05.03.2020

Rennen um den Hund

Iceberg Nations
Die Scholle schmilzt: Iceberg Nations ist ein rasanter Kurzdokumentarfilm
(Foto: Bunter Hund)

Am besten sich überraschen lassen: Zum 21. Mal findet das Internationale Kurzfilmfestival Bunter Hund in München statt

Von Matthias Pfeiffer

Es ist also wieder an der Zeit, Hasso zu fassen. Zum 21. Mal widmet sich das Münchner Kurz­film­fes­tival Bunter Hund der gesamten Band­breite vom Anima­tions- bis zum Doku­men­tar­film. Und wer sich in Münchens Film­fes­tival-Szene auskennt, weiß, dass Hasso der mit 500 Euro dotierte Preis ist, mit dem die besten Filme belohnt werden. Wer die Preis­träger sind, entscheidet seit jeher das Publikum, das dieses Jahr vom 5. bis 8. März an den Visionen der Regis­seu­rinnen und Regis­seure teilhaben darf.

Die schwie­rigsten Entschei­dungen wurden bisher schon von einem ehren­amt­li­chen Gremium getroffen. Aus über 800 Einsen­dungen wurden die besten 52 ausge­wählt, die im Werk­statt­kino zu sehen sind.
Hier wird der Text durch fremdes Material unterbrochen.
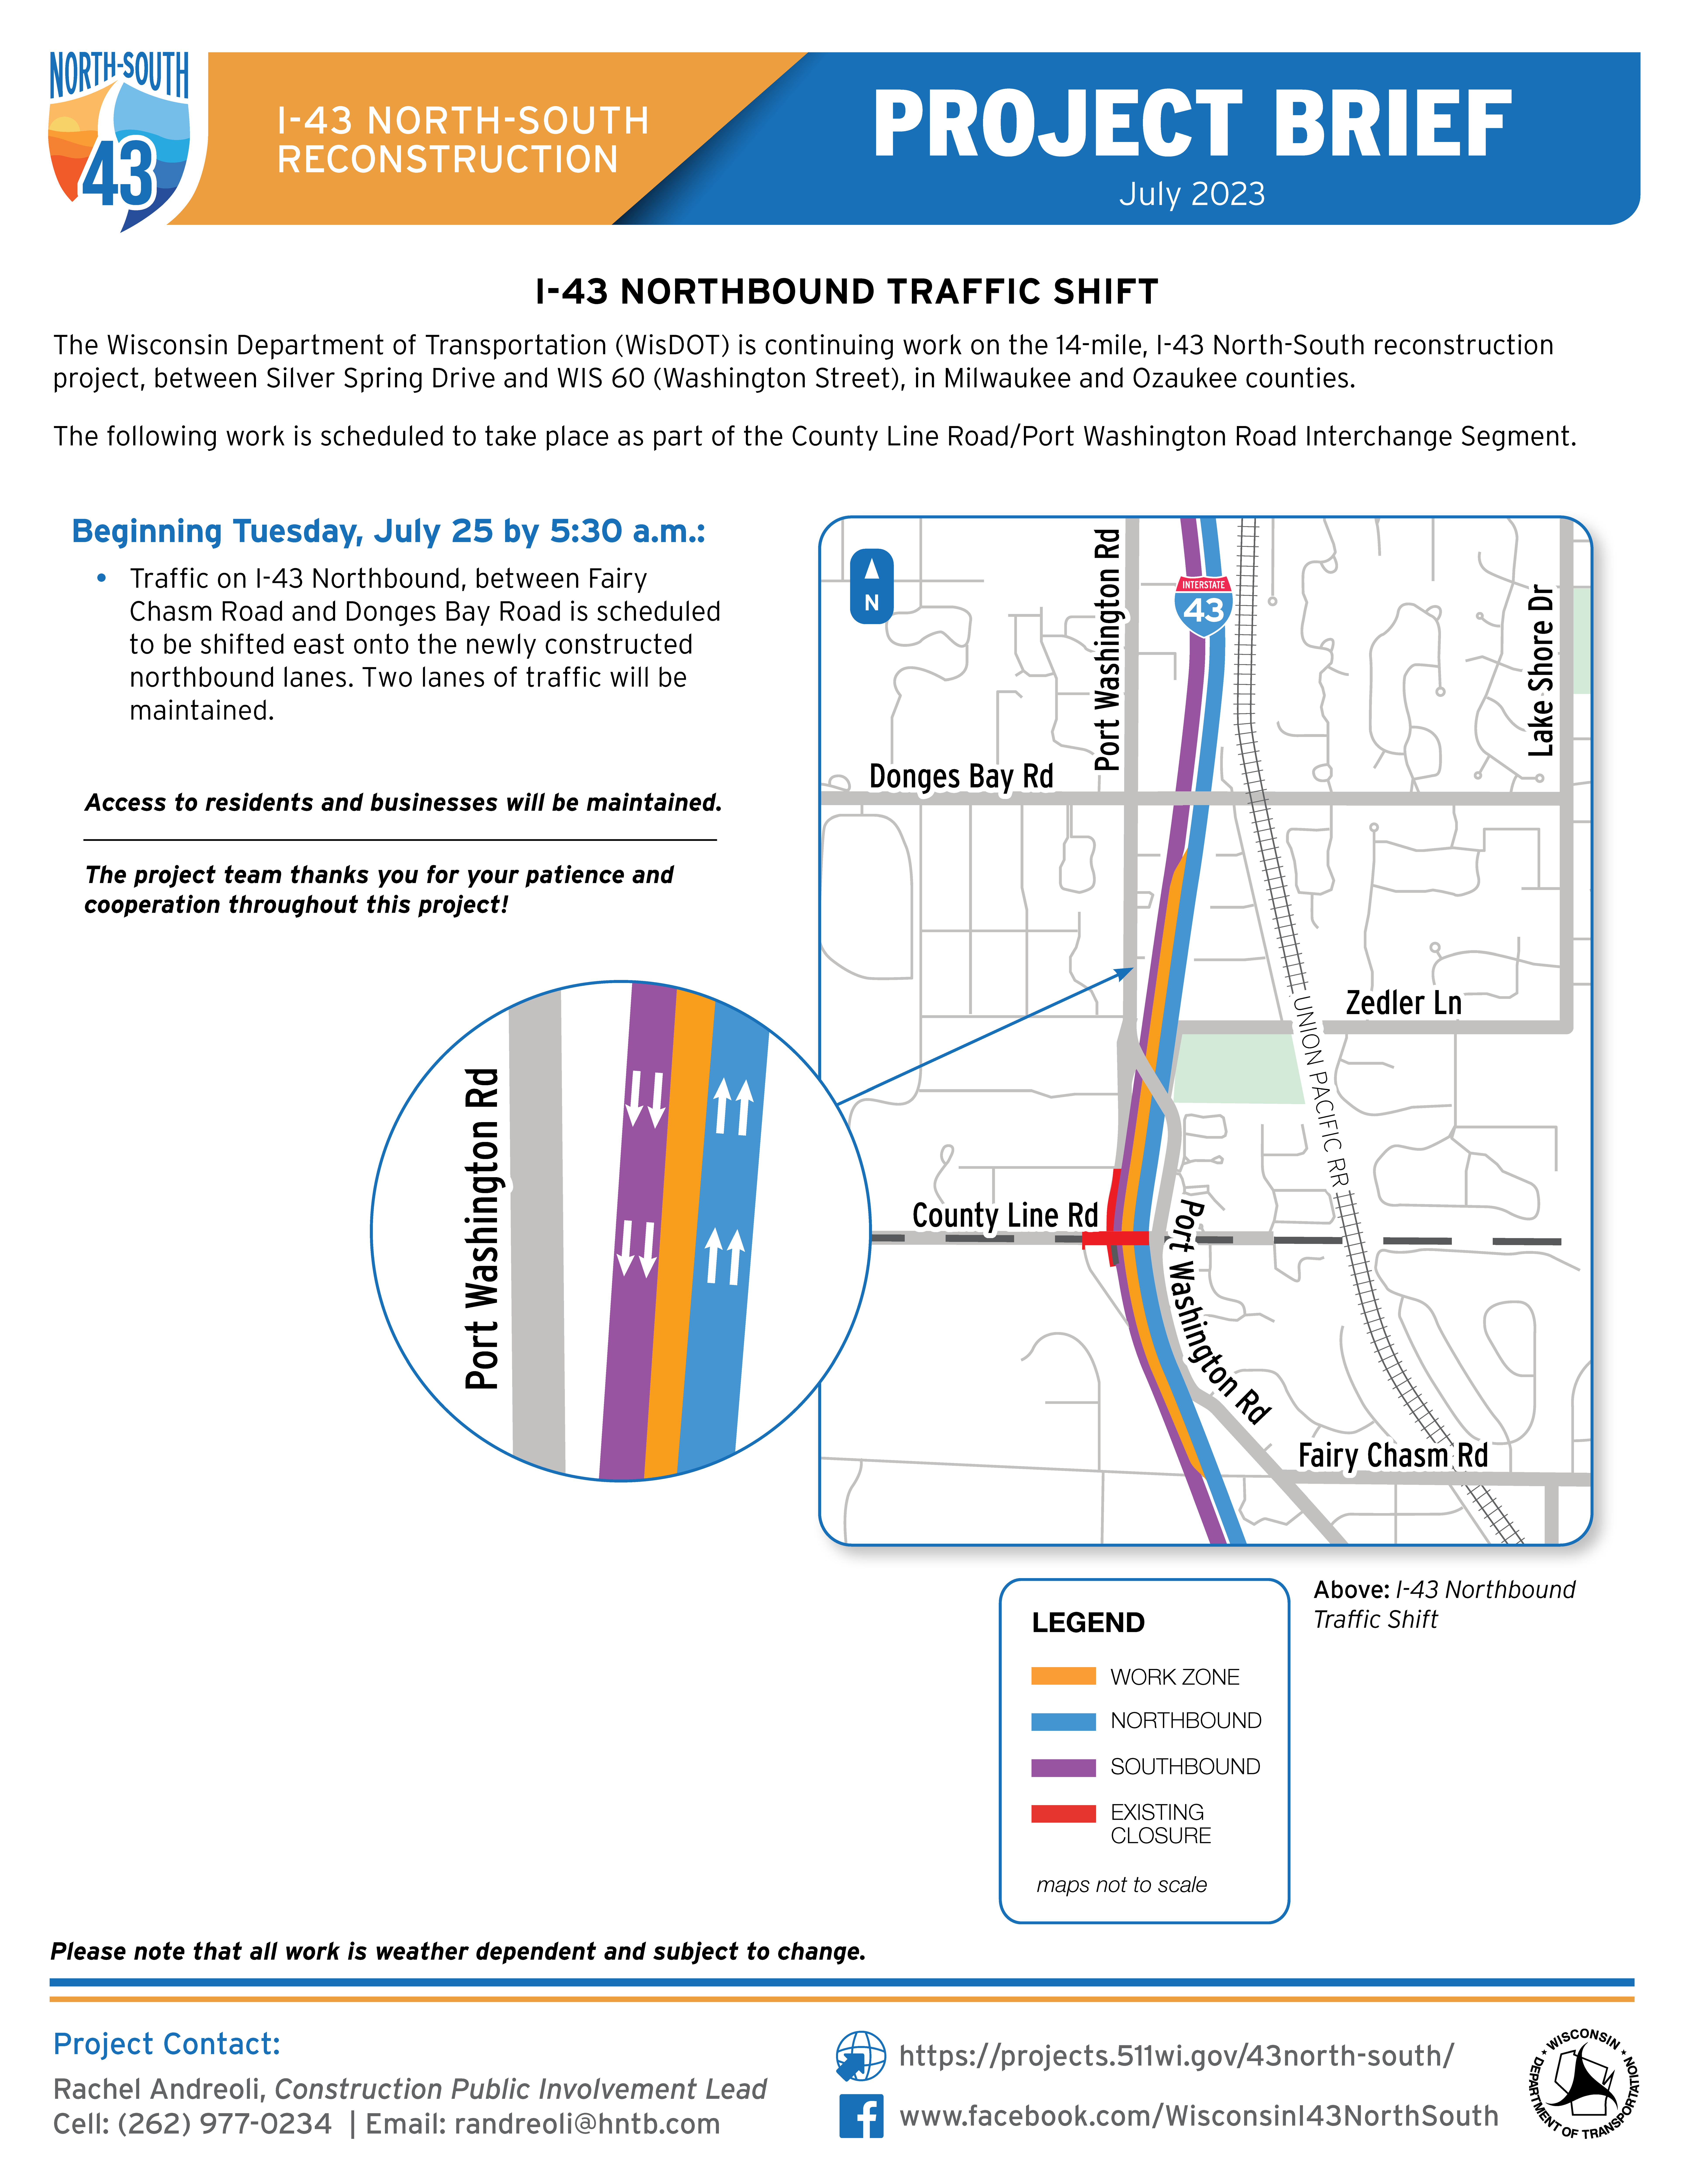 July 25, I-43 Northbound Traffic Shift

Obwohl der Großteil davon logi­scher­weise aus Deutsch­land kommt, sind die unter­schied­lichsten Länder wie Bangla­desch, Estland, Kasach­stan, die USA, Russland oder Ägypten vertreten. Bei der Auswahl fiel der Jury jedoch auf, dass ein über­durch­schnitt­lich großer Teil der Filme aus dem Iran einge­sendet wurde. Grund genug, in diesem Jahr ein Iran-Spezial außerhalb des Wett­be­werbes laufen zu lassen. Beim ersten Über­fliegen der Beiträge zeigt sich, dass die Thema­tiken doch sehr vertraut wirken: Ehepro­bleme (Fasle Sepid / White Season, R: Hasan Najmabadi), Kran­ken­pflege (Morning, Noon, Night, R: Nima Gothbi) oder der Prozess des Älter­wer­dens (Dilag, R: Abas Rafiei, Safiolah Hosseini) – alles nichts, was der west­li­chen Gesell­schaft fremd wäre. Man darf gespannt sein, wie diesen Themen aus einer iranisch-geprägten Sicht begegnet wird.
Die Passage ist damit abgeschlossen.